Here we assume the context file is named context*.[yaml|yml|json] and placed in the same folder of the configuration file.

Description

Command

Run a dag from config and context files

pipelime run -c <config.yaml>

Run a only a subset of nodes (must be included and not excluded)

pipelime run -c <config.yaml> +i node_1 +i node_2 ... +e node_2 +e node_3 ...

Show a dag (needs Graphviz, see installation instructions)

pipelime draw -c <config.yaml>

Show a dag using the Mermaid backend

pipelime draw -c <config.yaml> +b mermaid

Show a dag with (+c) full command names and (+m) limited data names’ width (any backend)

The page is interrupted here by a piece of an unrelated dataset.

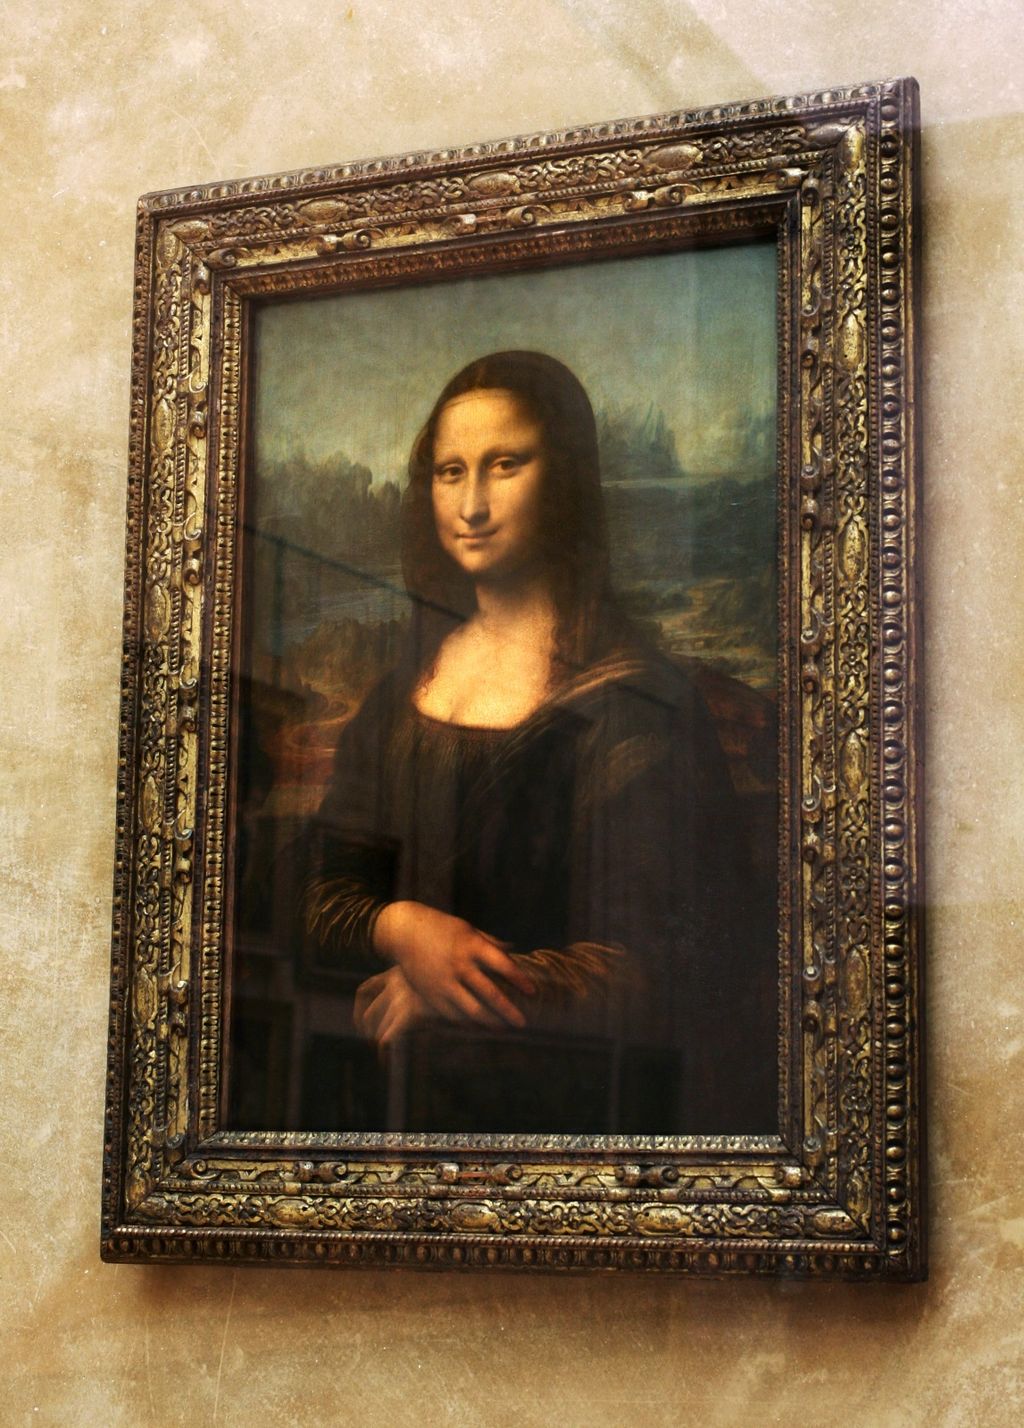 Vjeruje se da je Mona Lisa nastala u 16. stoljeću

pipelime draw -c <config.yaml> +c +m 30

Show a dag anonymizing paths

pipelime draw -c <config.yaml> +m "/" +ep start

Show a dag at high resolution (Graphviz only, see installation instructions)

pipelime draw -c <config.yaml> +x.G dpi=300

Save a dag to png (any backend)

pipelime draw -c <config.yaml> +o dag.png

Save a dag to svg or pdf (Graphviz only, see installation instructions)

pipelime draw -c <config.yaml> +o [dag.svg, dag.pdf]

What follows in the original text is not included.